## Work item
With the pictures left out, print exactly the lines below that run from the one containing "the finals white t-shirt" through the one containing "Burberry Brit Britton".

## Stored data
==========

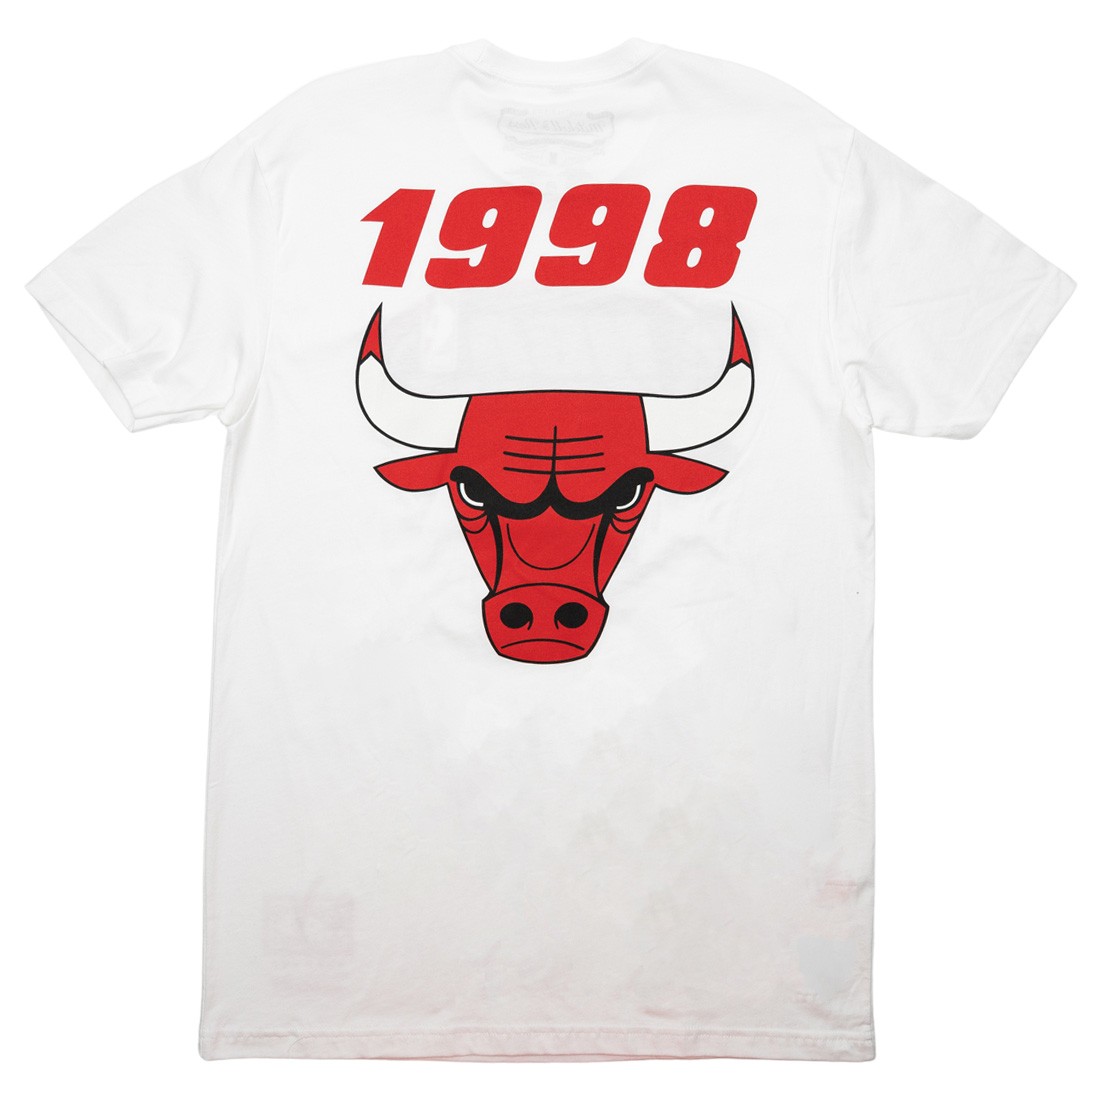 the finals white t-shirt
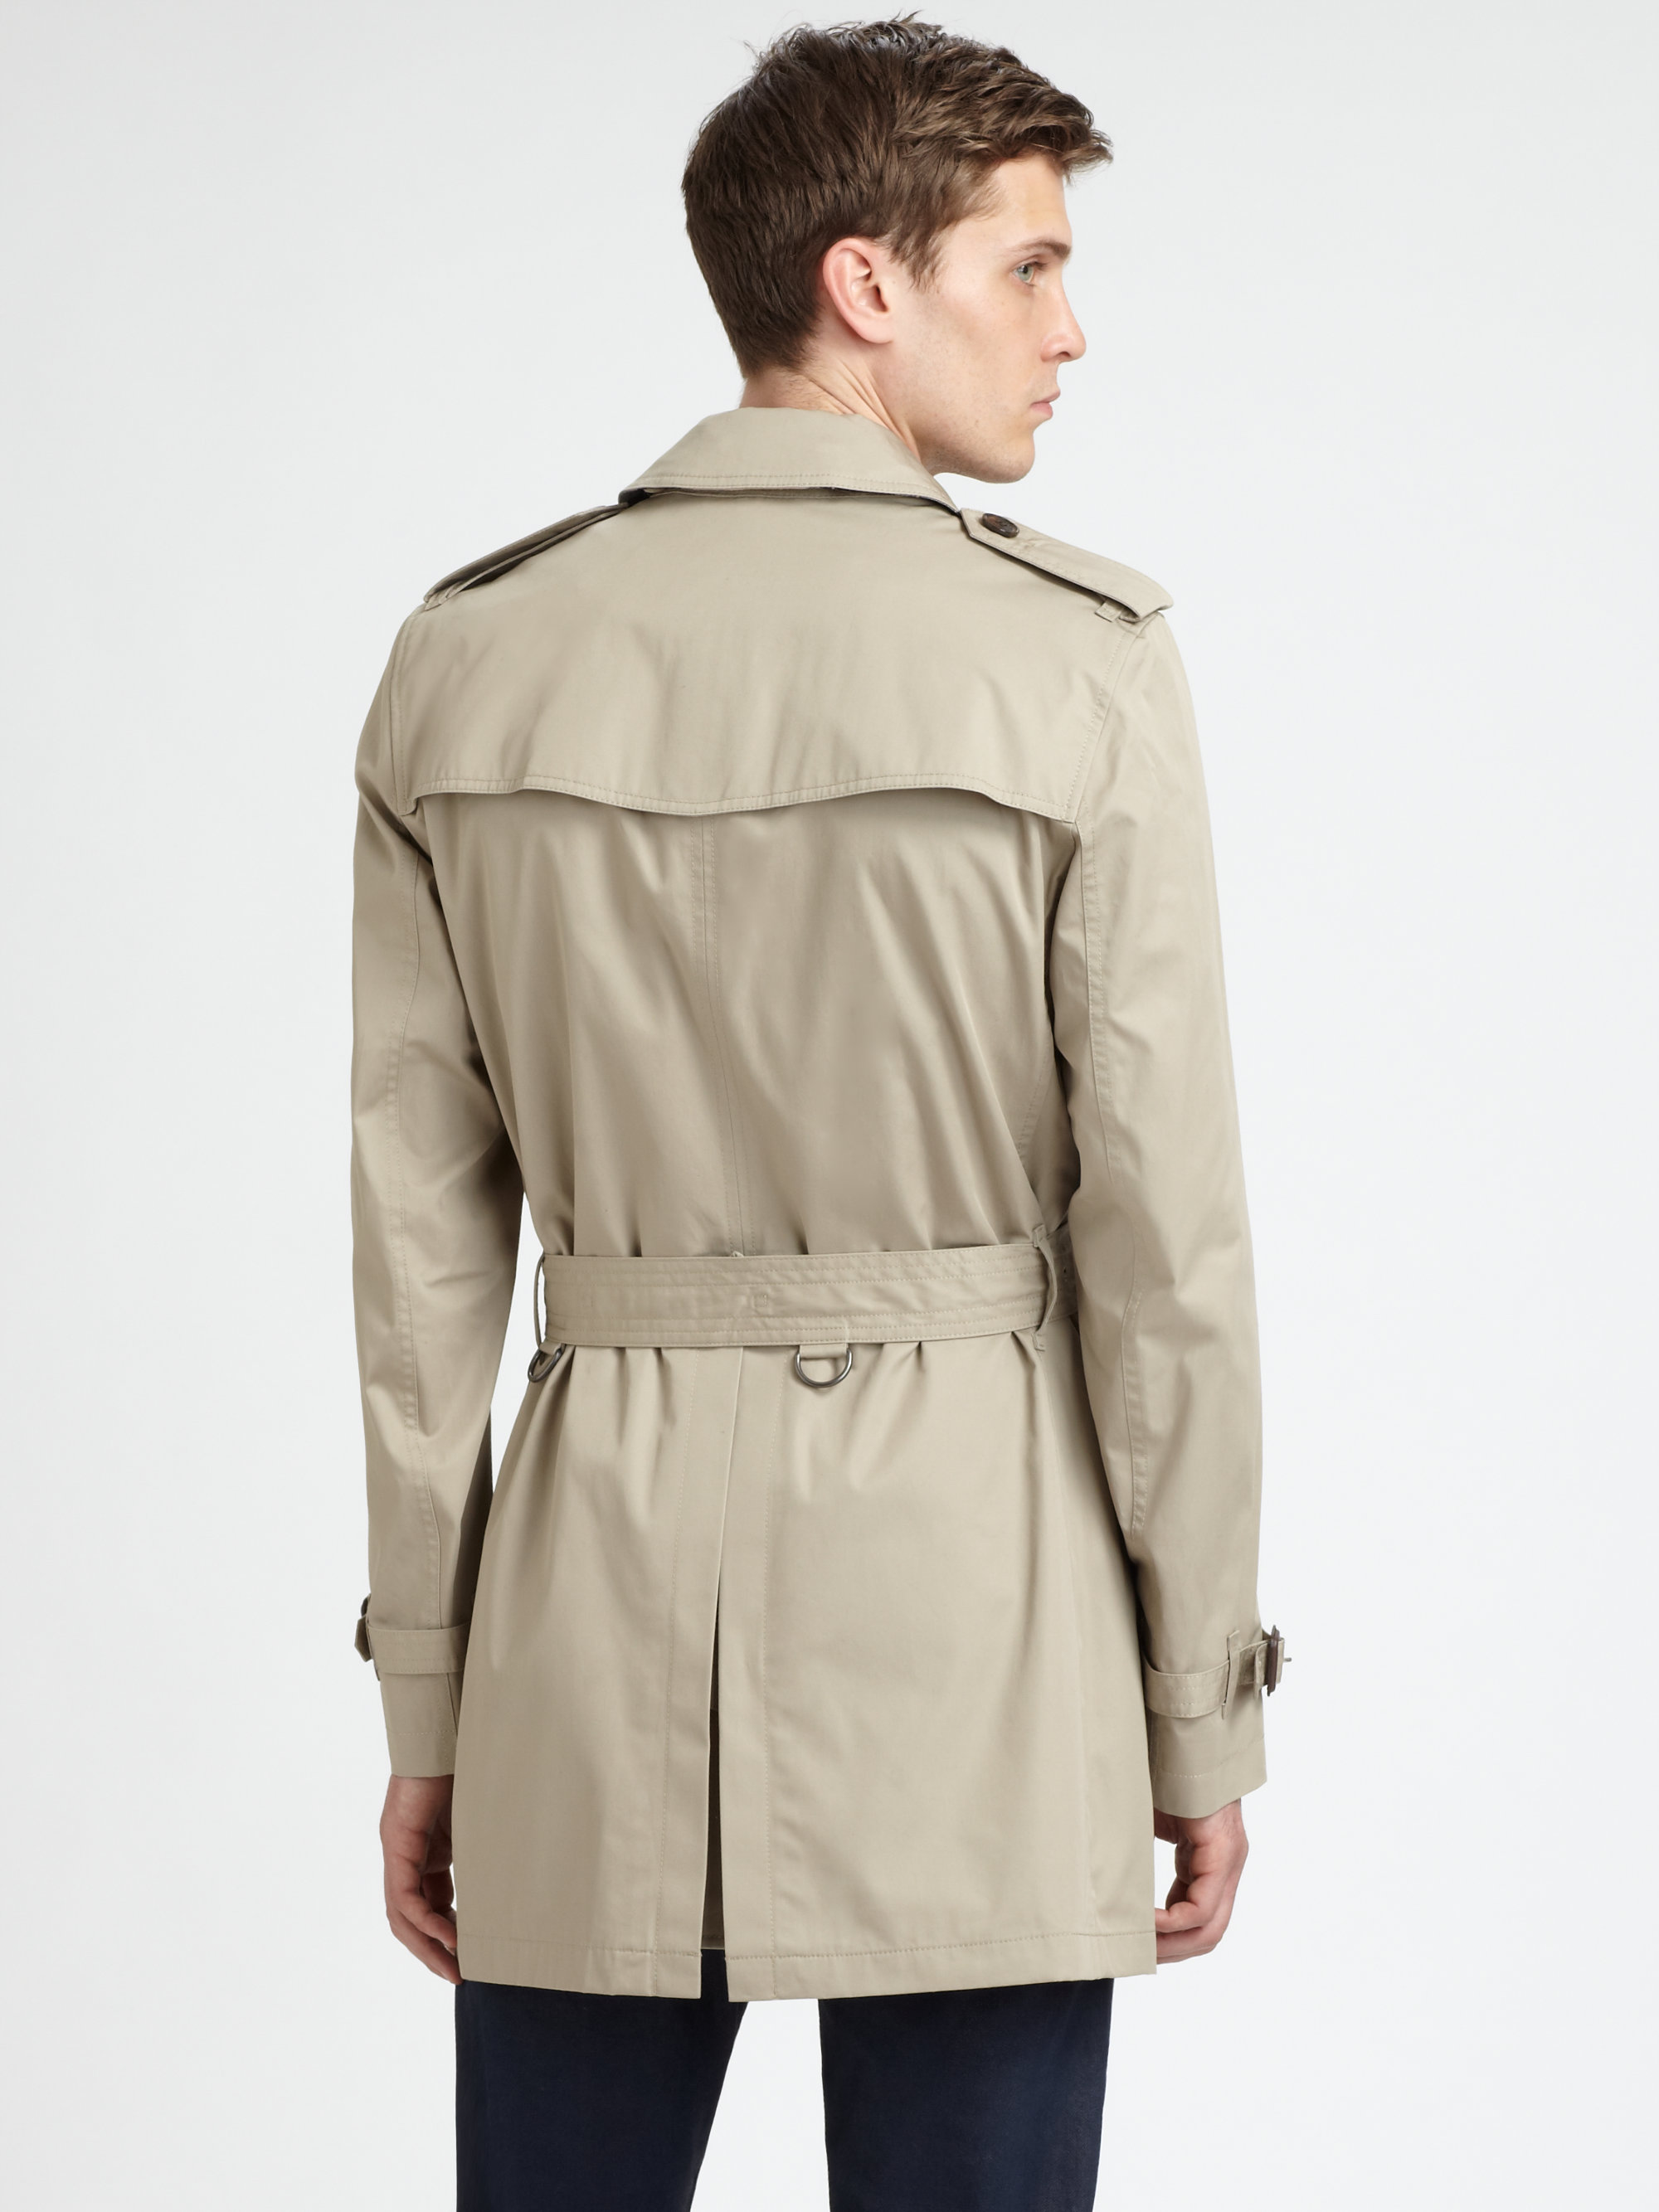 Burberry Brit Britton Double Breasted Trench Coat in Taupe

==========

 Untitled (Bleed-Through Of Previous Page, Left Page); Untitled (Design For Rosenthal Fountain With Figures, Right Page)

==========

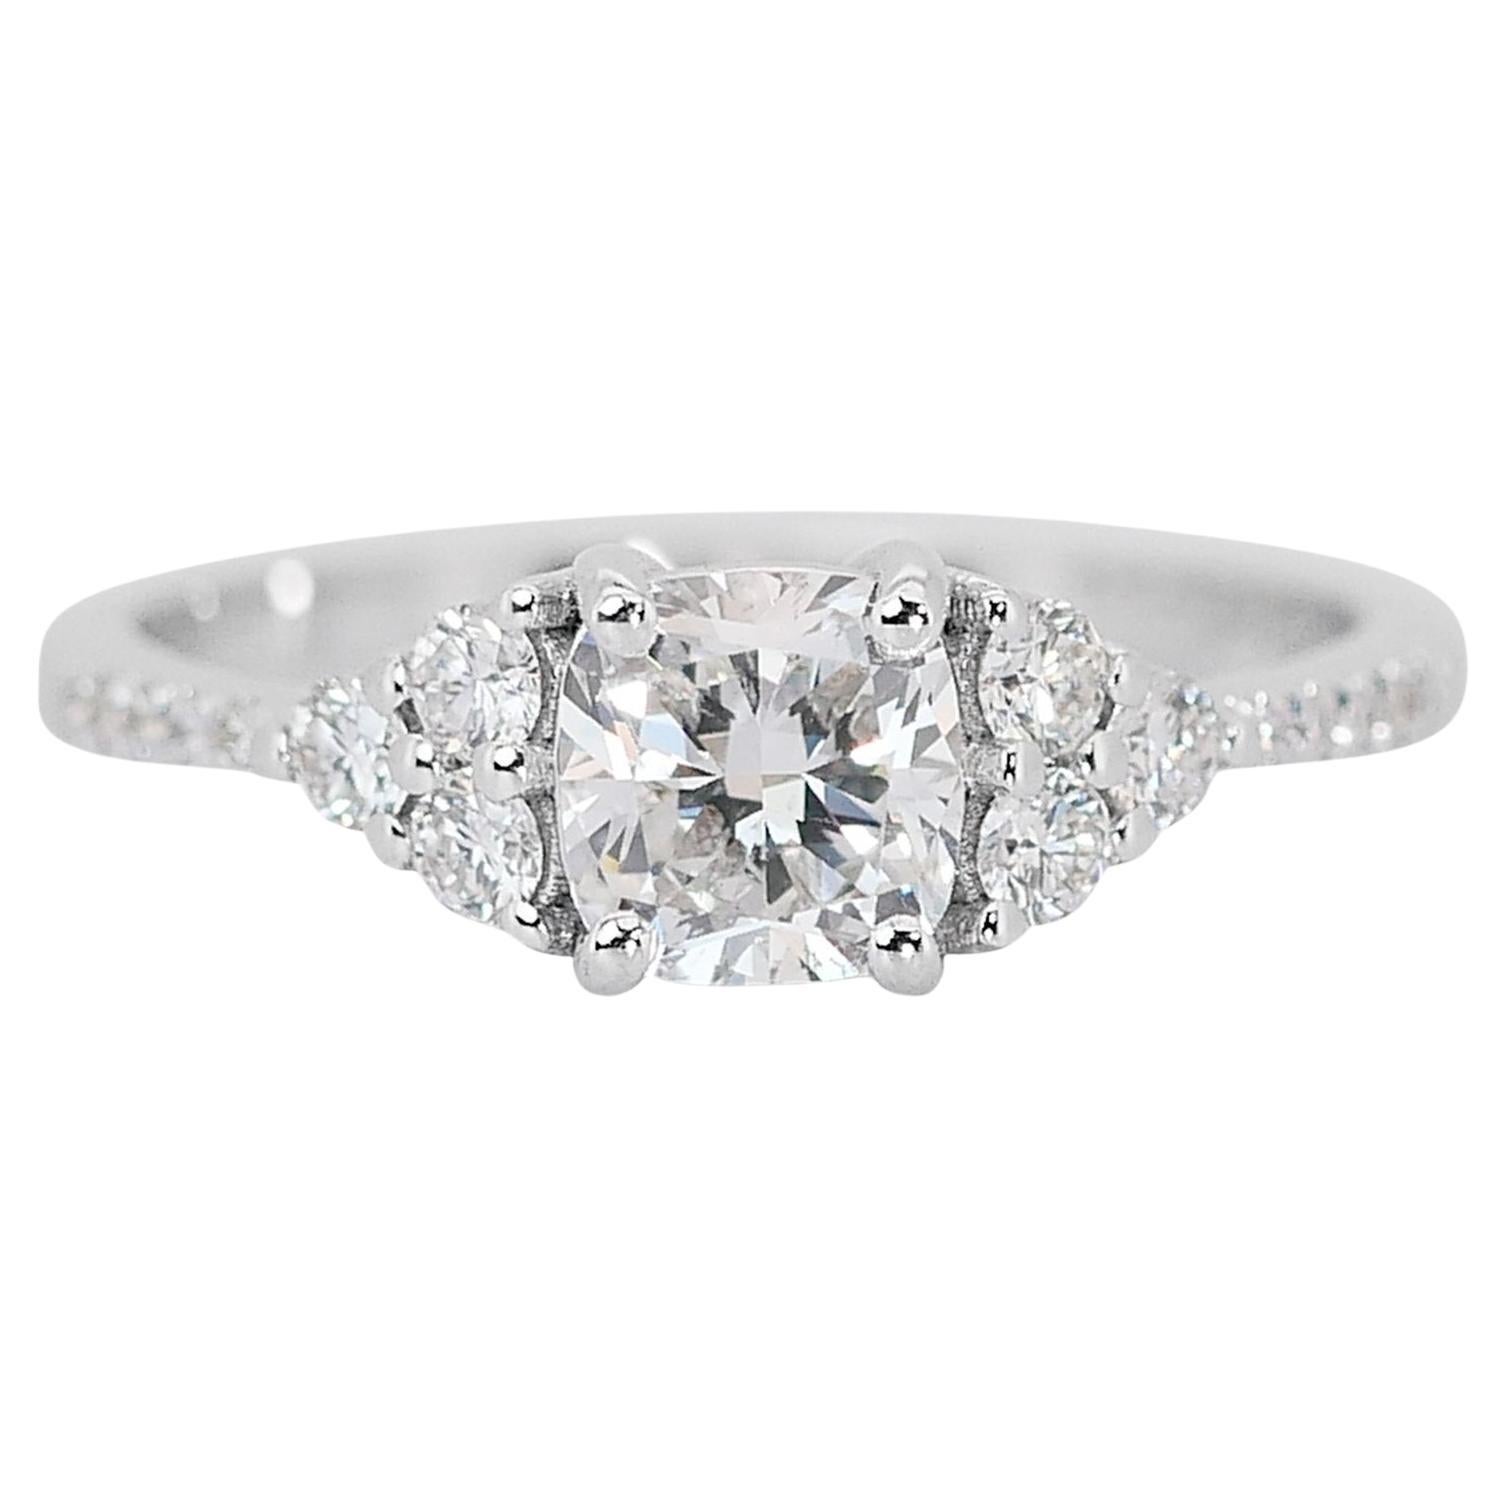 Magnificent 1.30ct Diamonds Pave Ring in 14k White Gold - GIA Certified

==========

## Output of the task
 the finals white t-shirt
 Burberry Brit Britton Double Breasted Trench Coat in Taupe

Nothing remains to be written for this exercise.